### The task
Report all lines below with the word "Total".

### Exercise materials

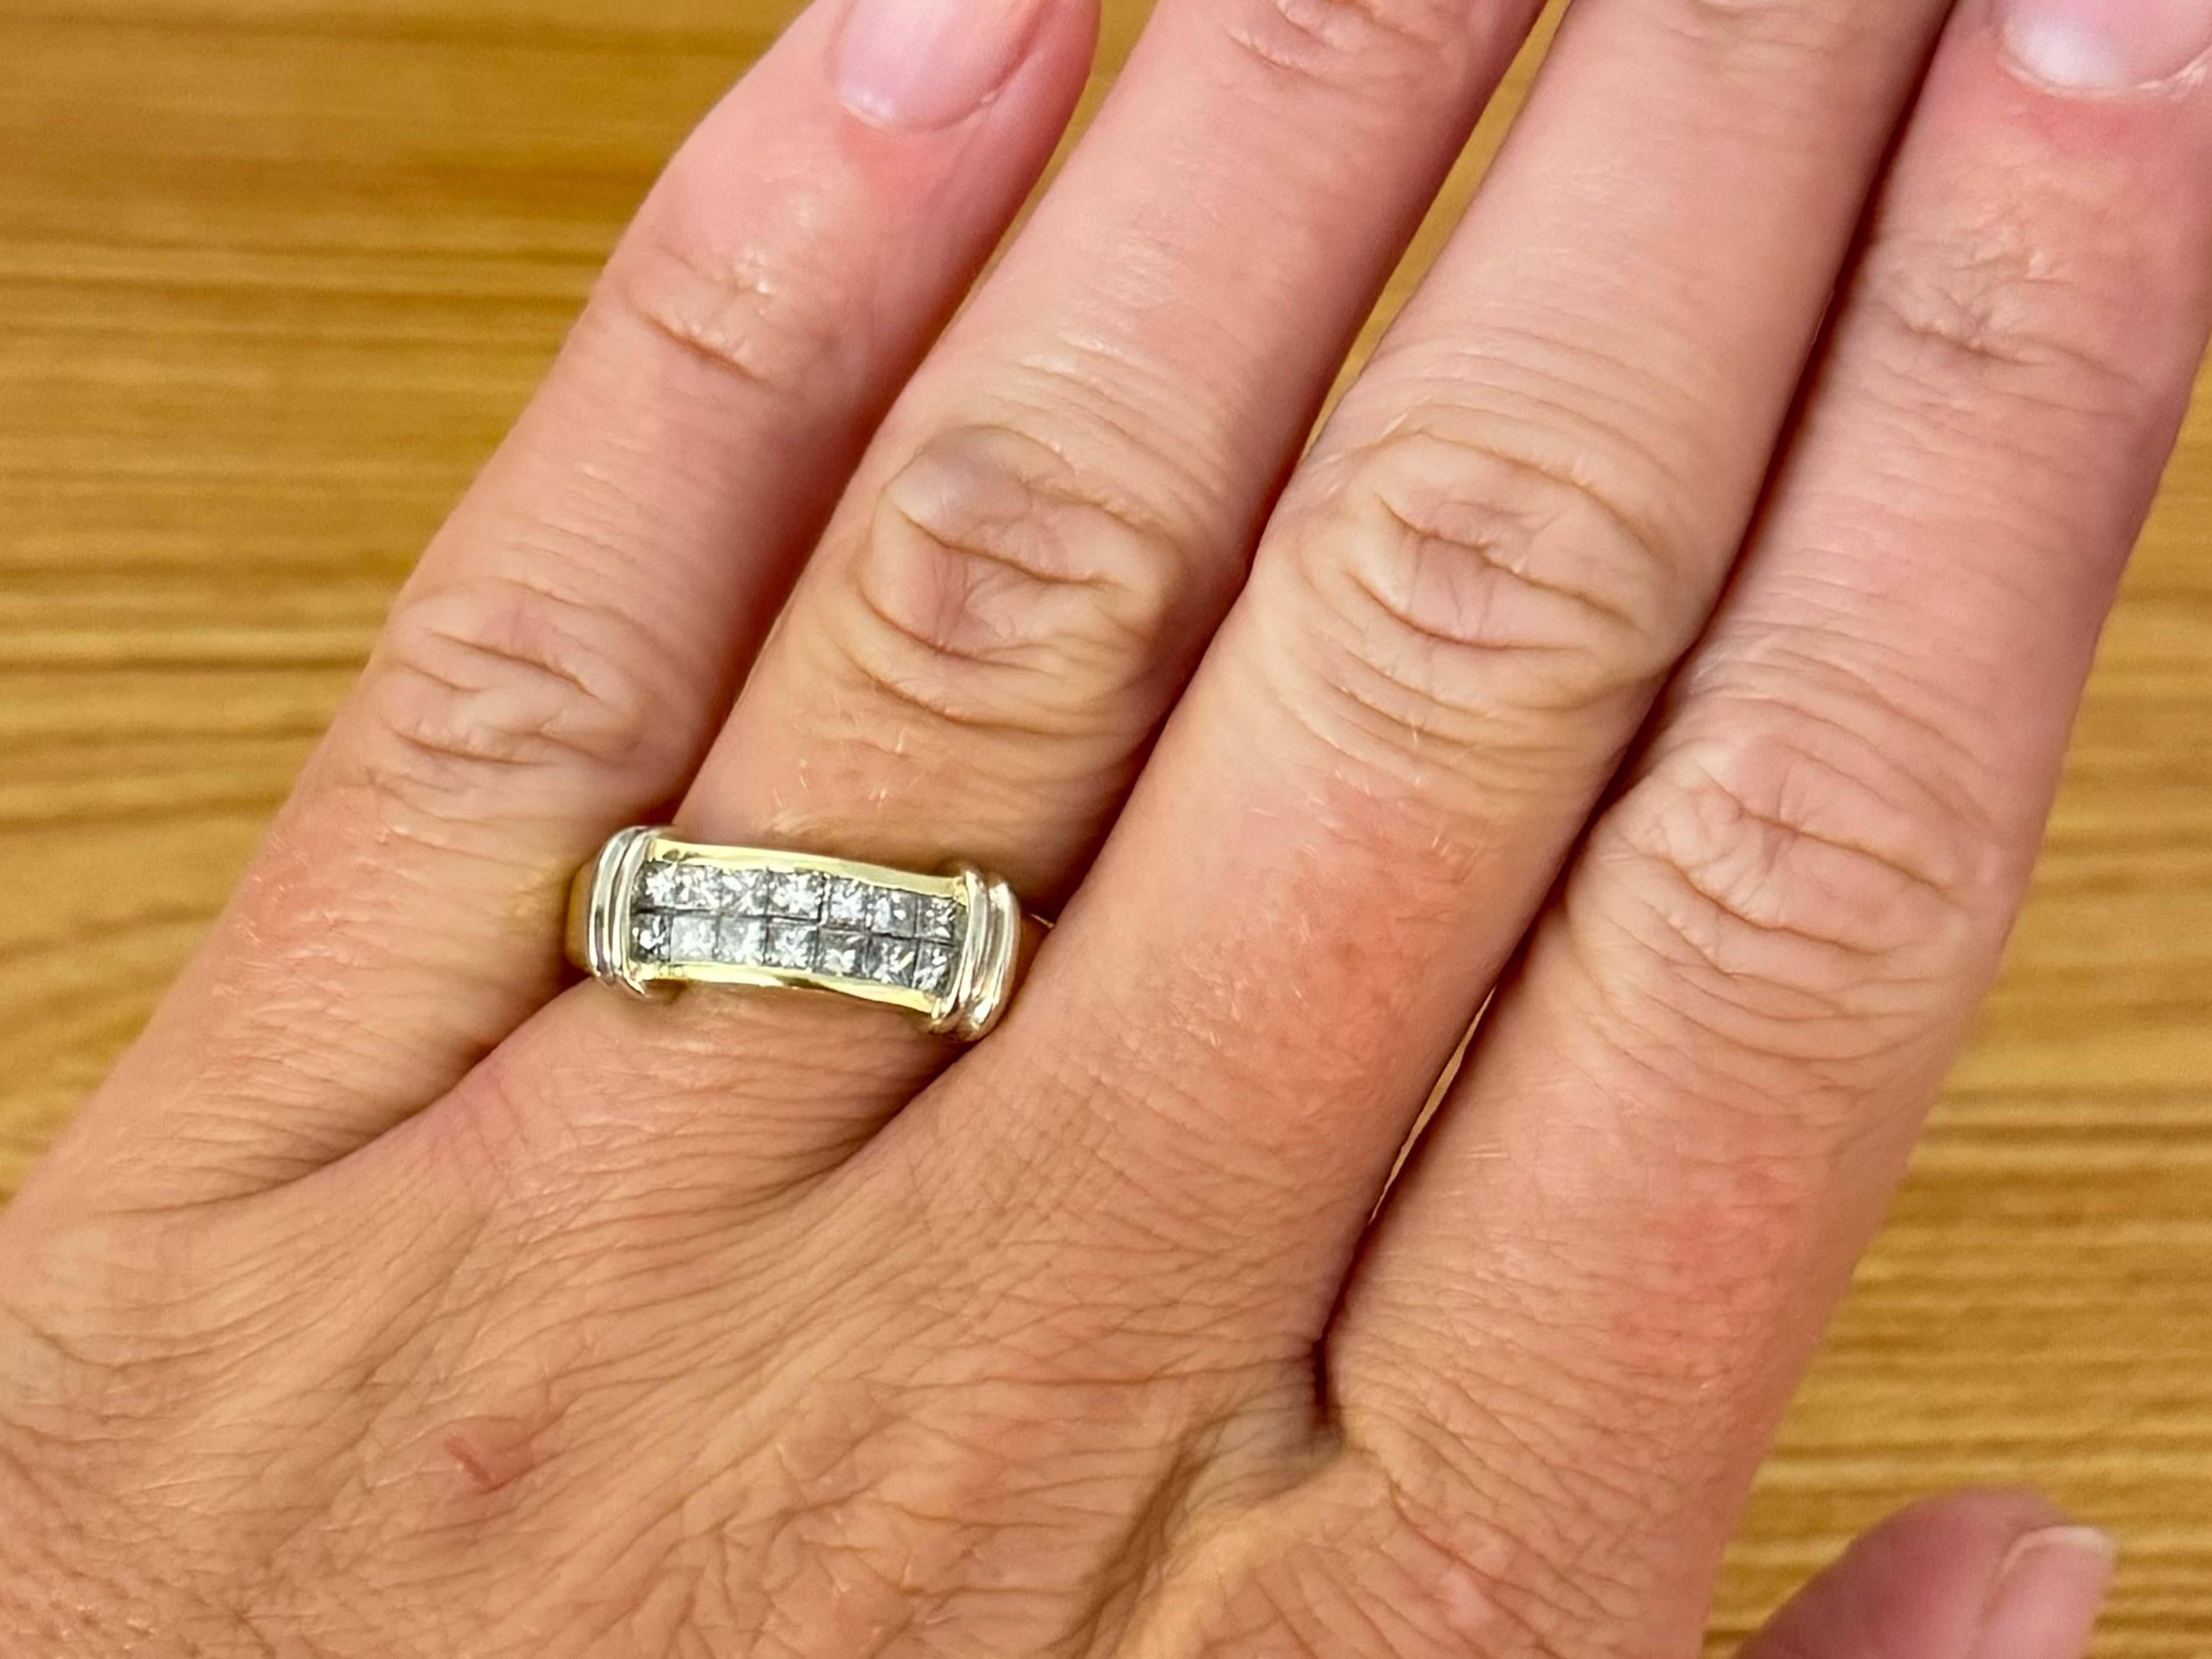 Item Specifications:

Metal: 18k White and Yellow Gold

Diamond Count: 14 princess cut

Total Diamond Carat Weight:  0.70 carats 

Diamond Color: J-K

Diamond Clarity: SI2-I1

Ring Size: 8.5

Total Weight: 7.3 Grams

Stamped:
---
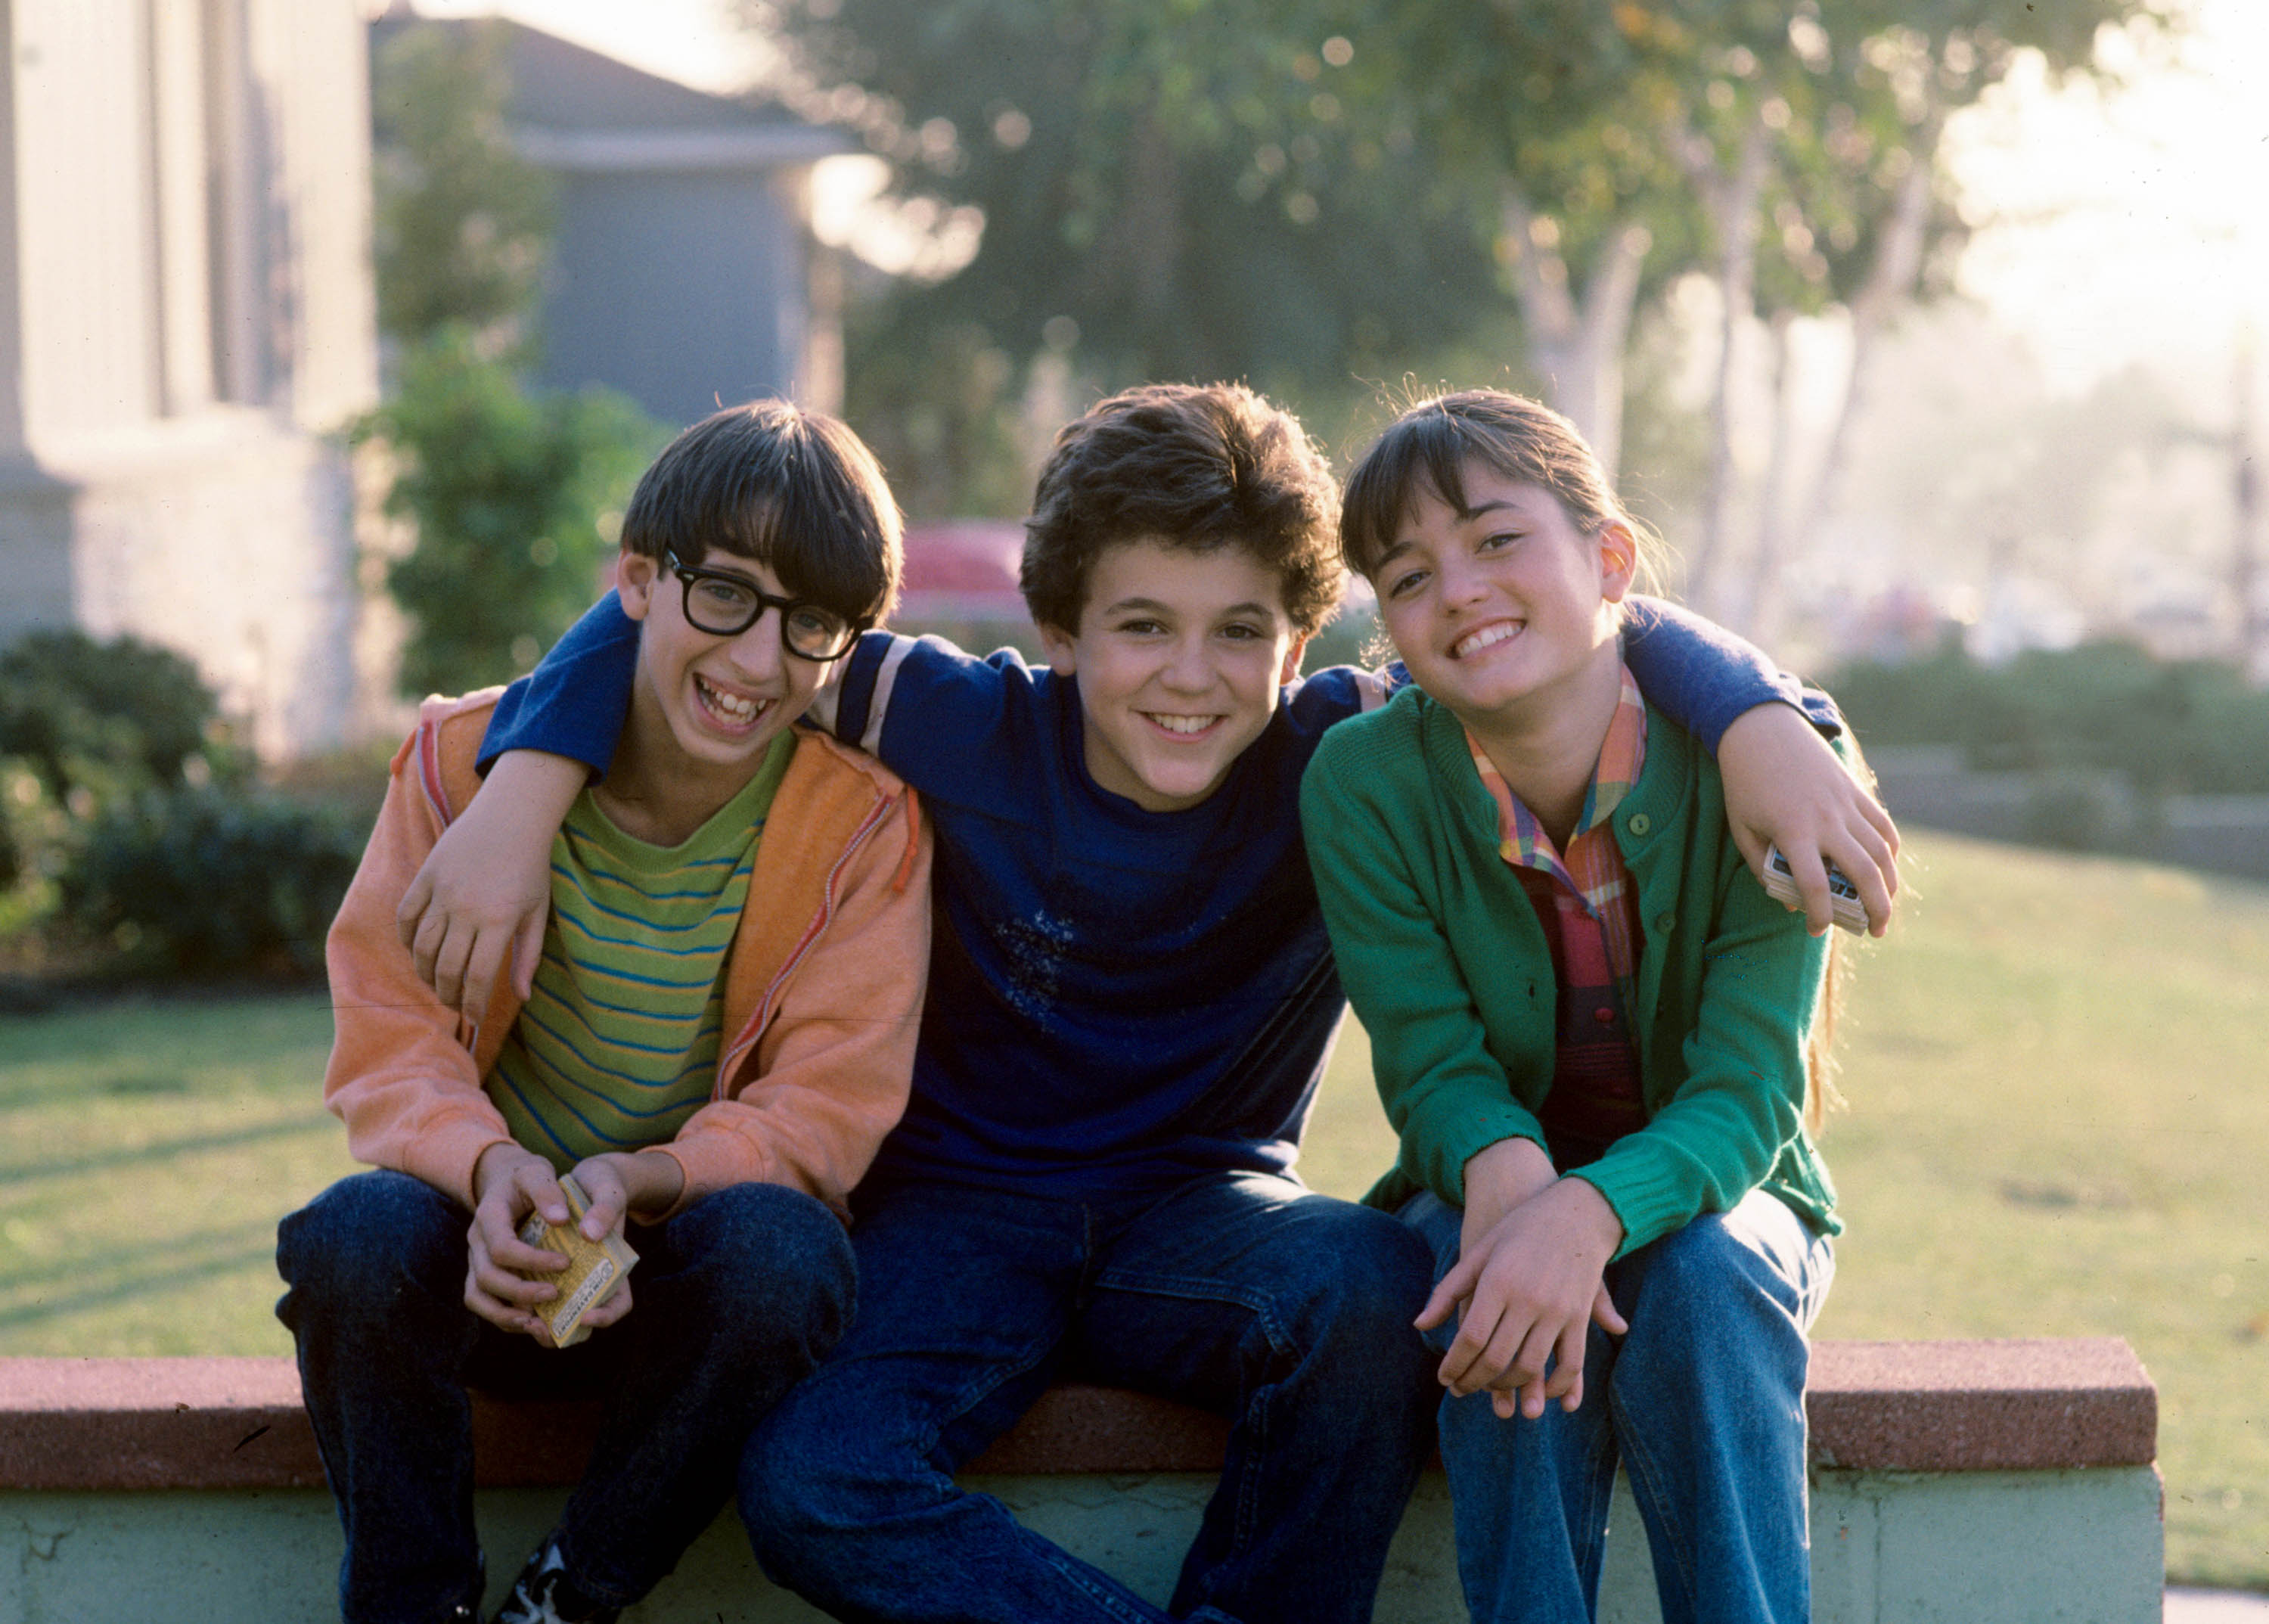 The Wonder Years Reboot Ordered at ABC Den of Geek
==
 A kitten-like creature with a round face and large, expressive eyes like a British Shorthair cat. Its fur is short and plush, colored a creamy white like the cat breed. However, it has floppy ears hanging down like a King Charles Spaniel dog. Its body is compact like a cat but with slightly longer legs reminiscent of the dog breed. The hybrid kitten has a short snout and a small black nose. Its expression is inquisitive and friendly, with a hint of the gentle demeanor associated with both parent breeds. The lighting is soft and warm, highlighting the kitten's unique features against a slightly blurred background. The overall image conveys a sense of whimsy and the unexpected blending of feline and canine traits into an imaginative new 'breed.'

### Output
Total Diamond Carat Weight:  0.70 carats 
Total Weight: 7.3 Grams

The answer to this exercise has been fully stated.